Yersinia pestis (formerly Pasteurella pestis) is a Gram-negative, rod-shaped coccobacillus, non mobile with no spores. It is a facultative anaerobic organism that can infect humans via the oriental rat flea. It causes the disease plague, which takes three main forms: pneumonic, septicemic, and bubonic plagues. All three forms were responsible for a number of high-mortality epidemics throughout human history, including: the 6th century's Plague of Justinian, the Black Death, which accounted for the death of at least one-third of the European population between 1347 and 1353, and the Third Pandemic, sometimes referred to as the Modern Plague, which began in the late 19th century in China and spread by rats on steamboats claiming close to 10 million lives. These plagues probably originated in China and were transmitted west via trade routes.

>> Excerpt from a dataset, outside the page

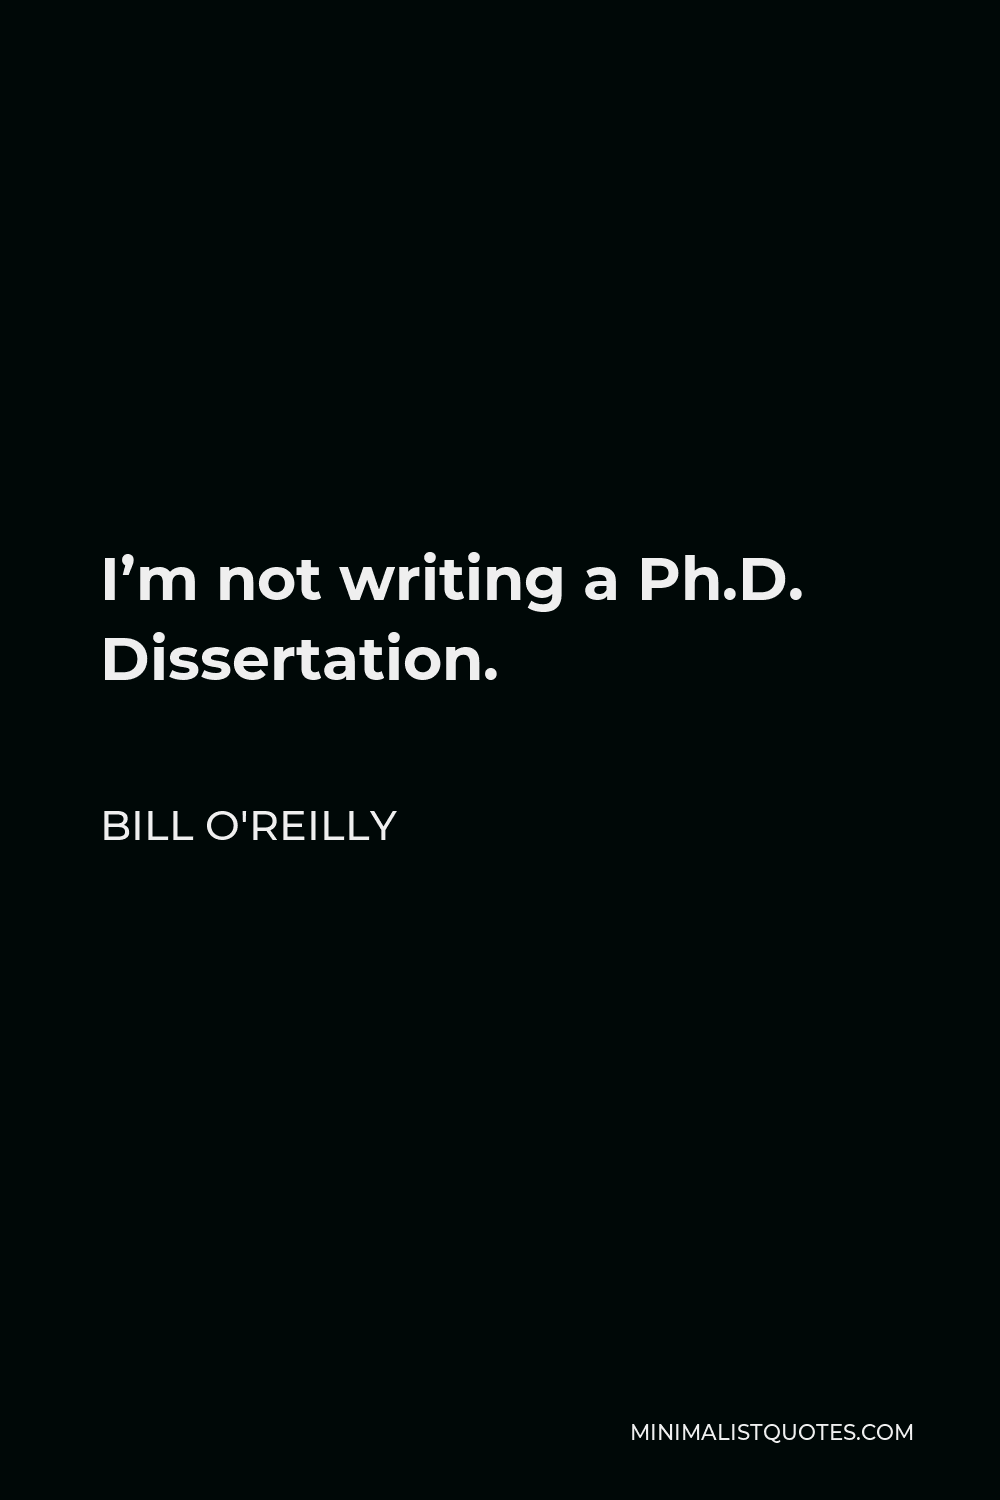 Bill O'Reilly Quote - I’m not writing a Ph.D. Dissertation.

|A scanning electron micrograph depicting a mass of Yersinia pestis bacteria in the foregut of an infected flea|
(Lehmann & Neumann, 1896)
van Loghem, 1944
Y. pestis was discovered in 1894 by Alexandre Yersin, a Swiss/French physician and bacteriologist from the Pasteur Institute, during an epidemic of the plague in Hong Kong. Yersin was a member of the Pasteur school of thought. Kitasato Shibasaburō, a German-trained Japanese bacteriologist who practised Koch's methodology, was also engaged at the time in finding the causative agent of the plague. However, Yersin actually linked plague with Y. pestis. Named Pasteurella pestis in the past, the organism was renamed Yersinia pestis in 1944.
Every year, thousands of cases of the plague are still reported to the World Health Organization, although, with proper treatment, the prognosis for victims is now much better. A five- to six-fold increase in cases occurred in Asia during the time of the Vietnam War, possibly due to the disruption of ecosystems and closer proximity between people and animals. The Plague is now commonly found in sub-Saharan Africa and Madagascar, areas which now account for over 95% of reported cases. The plague also has a detrimental effect on non-human mammals. In the United States, mammals such as the black-tailed prairie dog and the endangered black-footed ferret are under threat.

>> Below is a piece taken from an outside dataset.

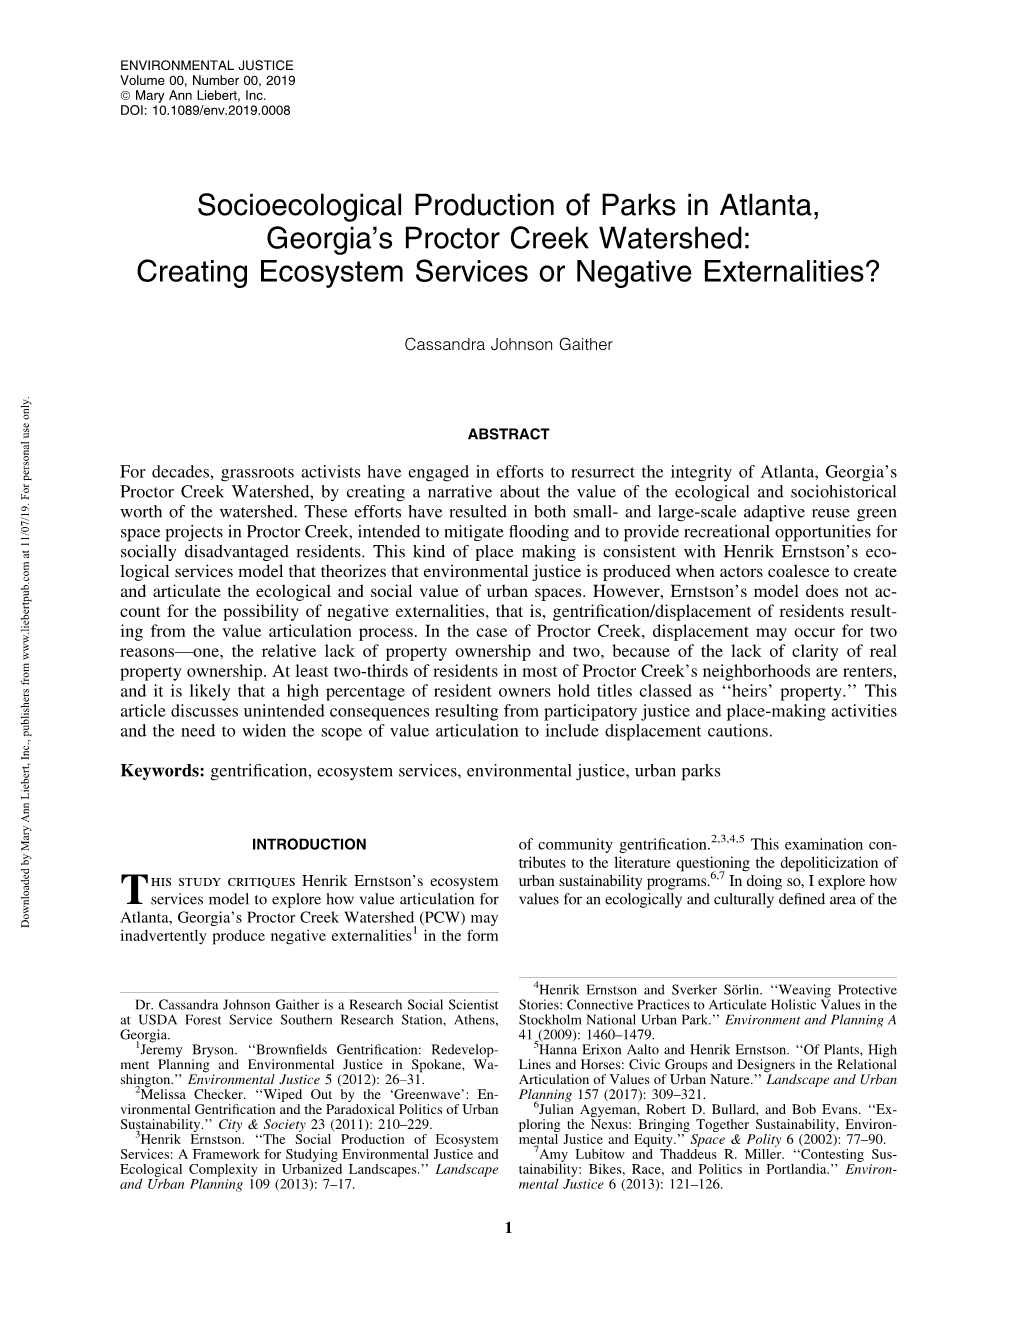 Socioecological Production of Parks in Atlanta, Georgia's Proctor Creek Watershed

Y. pestis is a non-motile, stick-shaped, facultative anaerobic bacterium with bipolar staining (giving it a safety pin appearance) that produces an anti-phagocytic slime layer. Similar to other Yersinia species, it tests negative for urease, lactose fermentation, and indole. The closest relative is the gastrointestinal pathogen Yersinia pseudotuberculosis, and more distantly Yersinia enterocolitica.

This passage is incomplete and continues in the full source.